Всем баланду наливали пустую, если свекольный хвост плавал, и то спасибо, а у меня в миске плавал кусок требухи и настоящая картофелина - вместо картофельных очисток, как у всех. И, о чудо, раз в день мне швыряли с машины, что развозила по баракам еду, кусок хлеба. Я его не ела - все так же делала для мальчика моего хлебную соску.

А вторая поблажка была еще большим чудом.
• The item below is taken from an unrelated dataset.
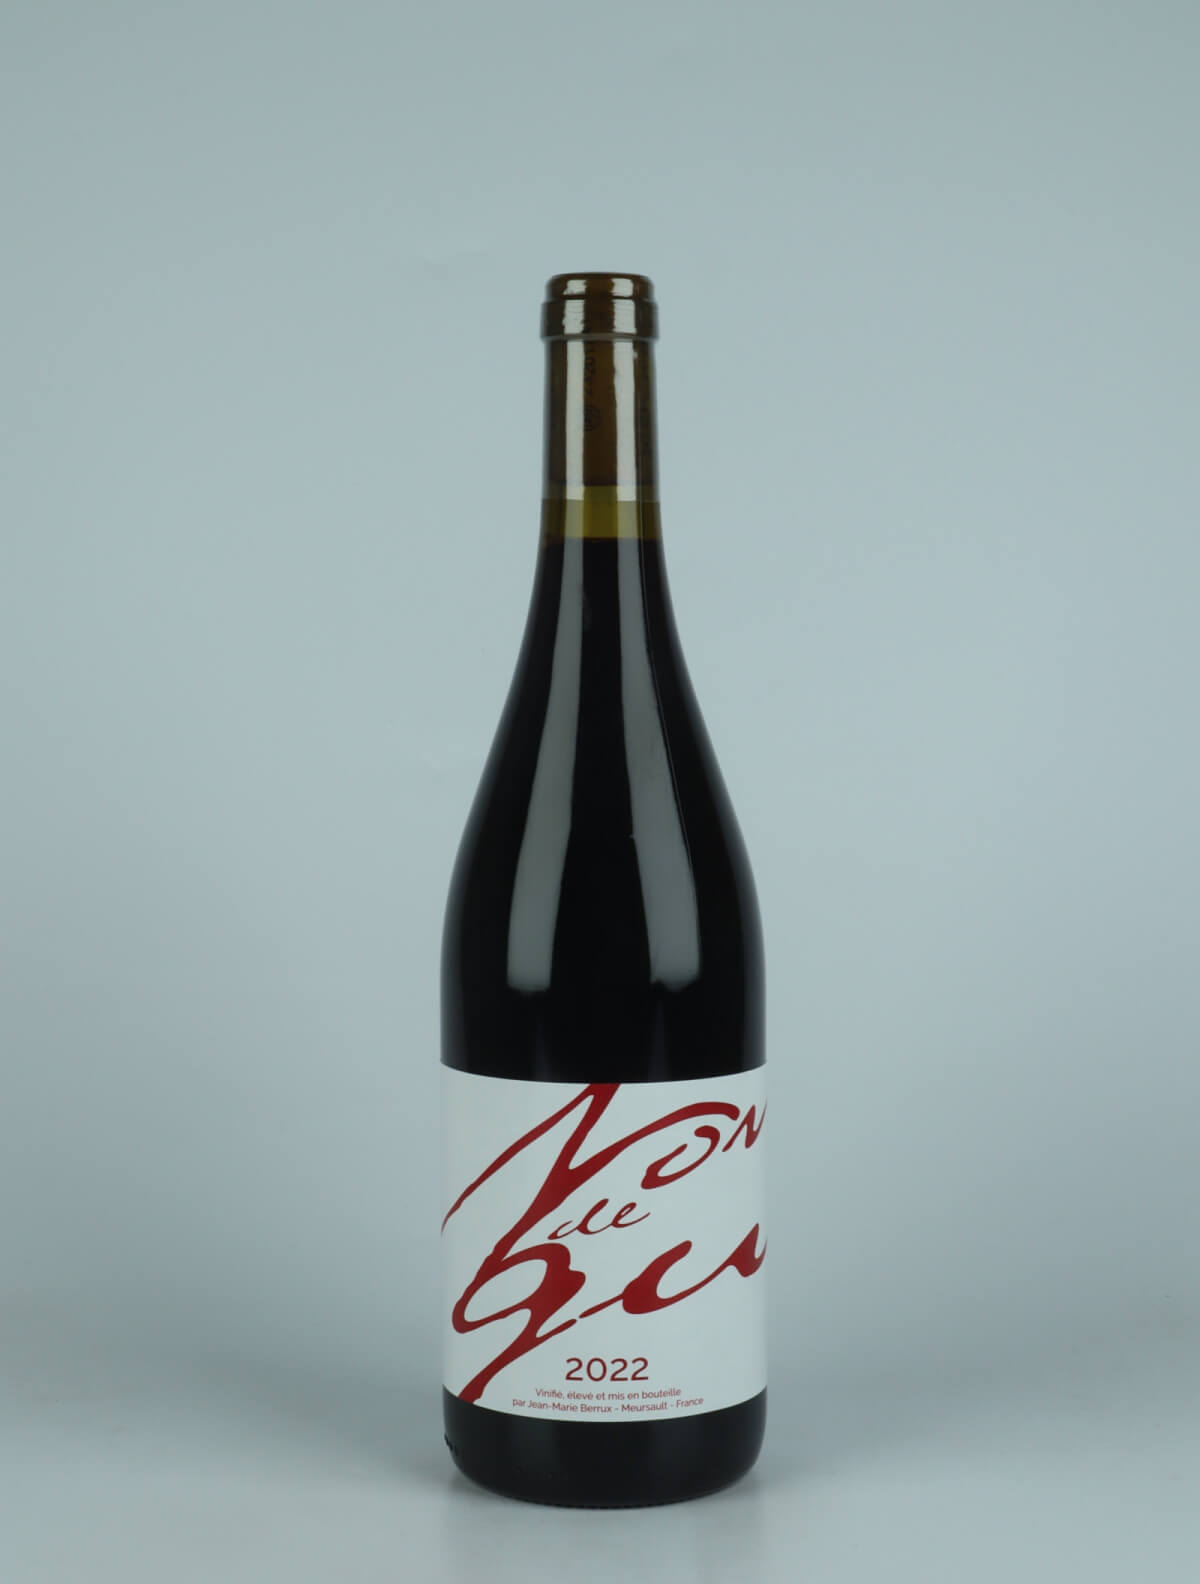 En flaske 2022 Nondegu Rødvin fra Jean-Marie Berrux, Bourgogne i Frankrig
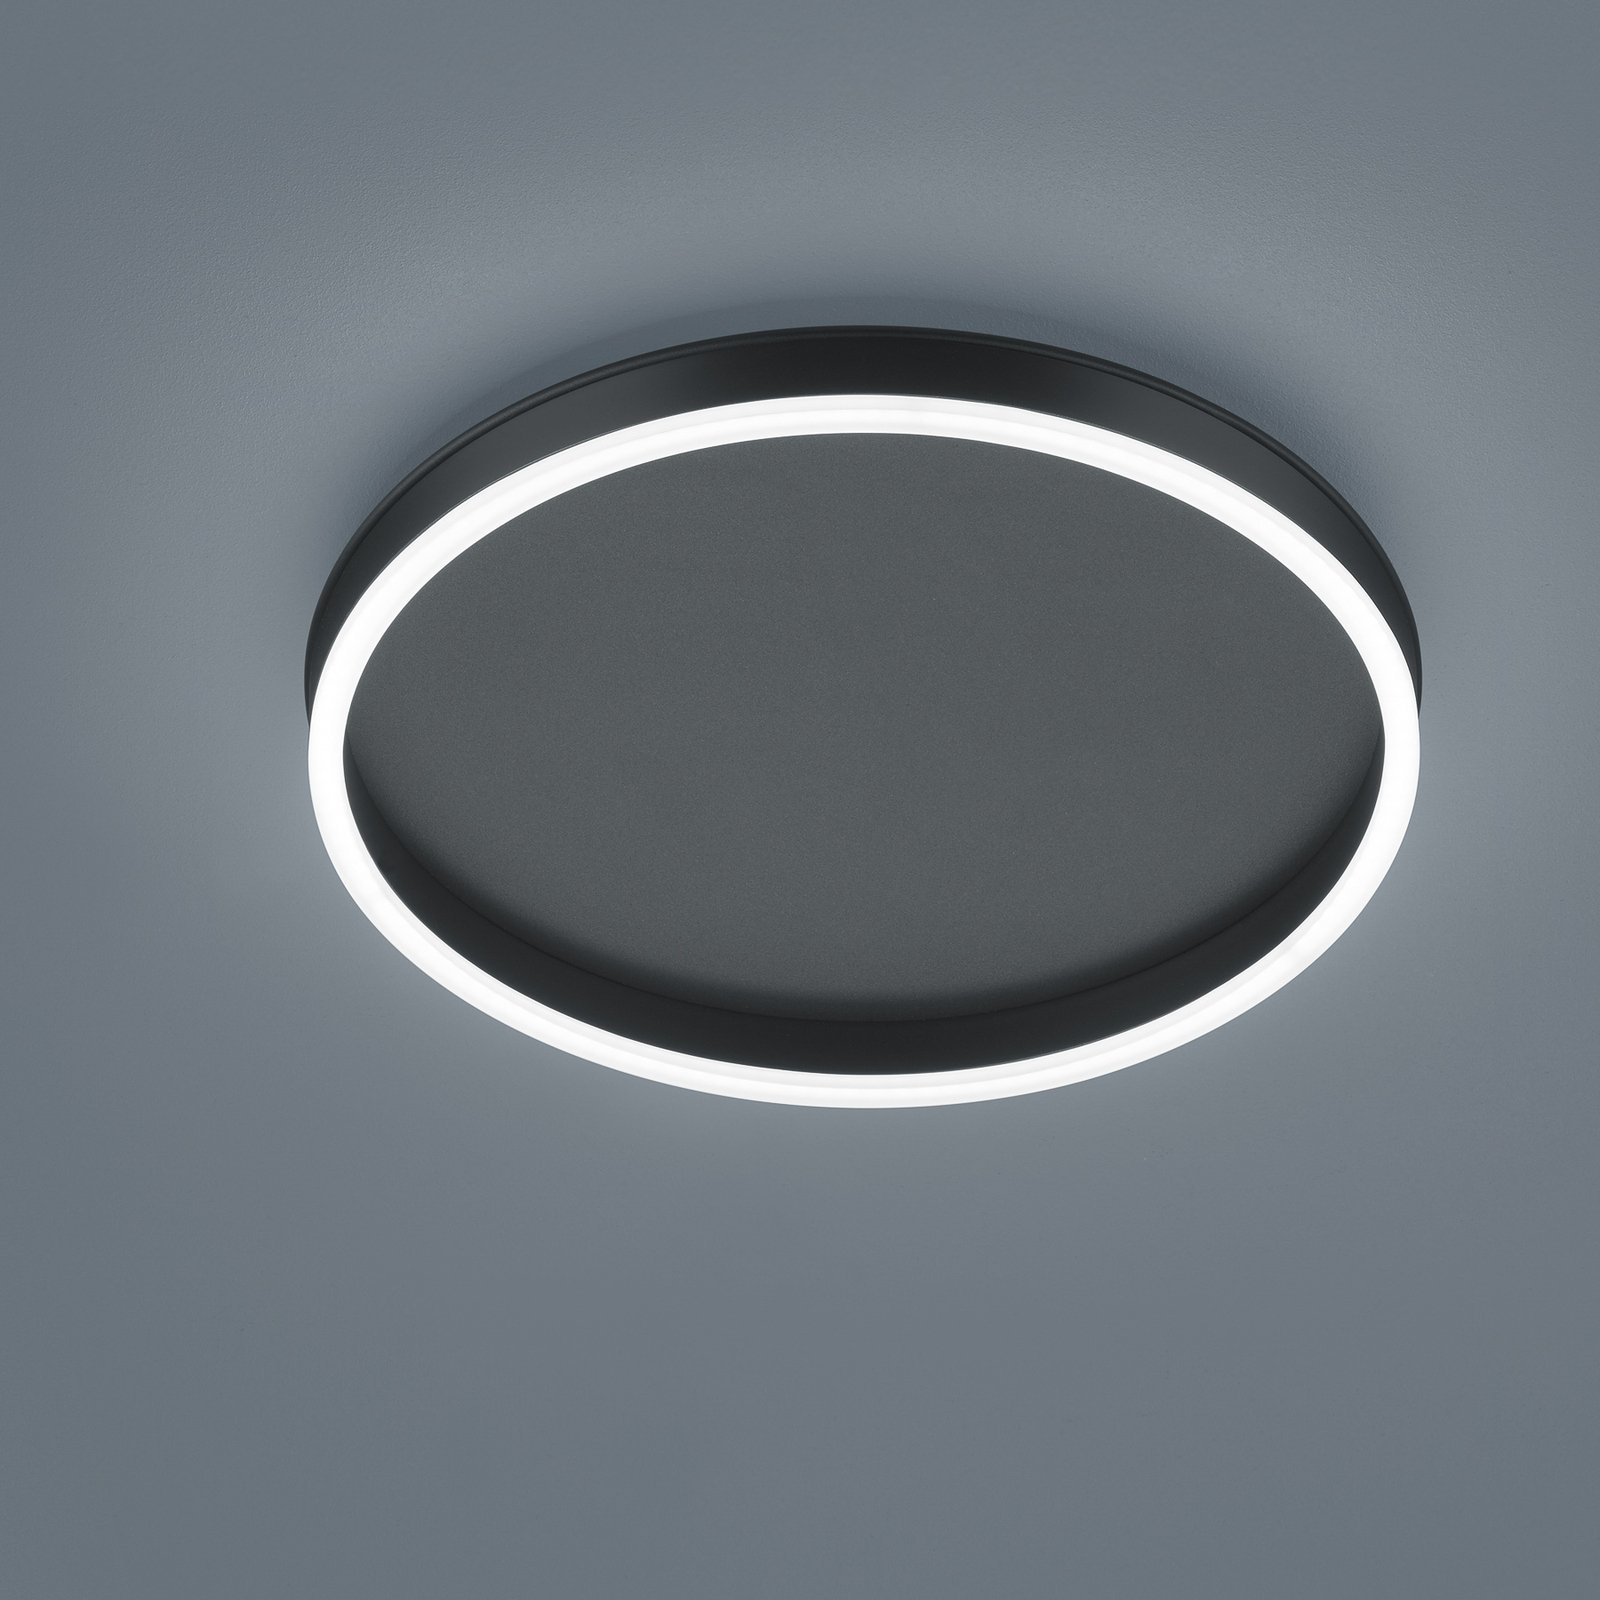 Helestra Sona LED ceiling light, black, Ø 40 cm

Меня перестали вызывать на перекличку по утрам.

И я знала: это распорядилась Гадюка.

И я молилась за моих родителей и все семейство, погибшее в Великом Овраге, а еще за живых - Лизочку, Никиту, Мишеньку, Гюнтера и Гадюку. Вот сколько у меня теперь было родни.

А еще я молилась Богу Ягве за всех, кто со мной в лагере смерти был. И за живых и за мертвых. Я уже не делала разницы между мертвыми и живыми.

Я не запомнила этот день.

Это был обычный день, похожий на другие дни здесь. Ничего особенного.

Нет, что-то я все же почувствовала. Я бы не могла сказать, что.

Что-то в воздухе. Он обволакивал меня нежнее, чем обычно, когда нас погнали на работу.

И почему-то освободили от работы раньше. Может, сегодня у немцев праздник?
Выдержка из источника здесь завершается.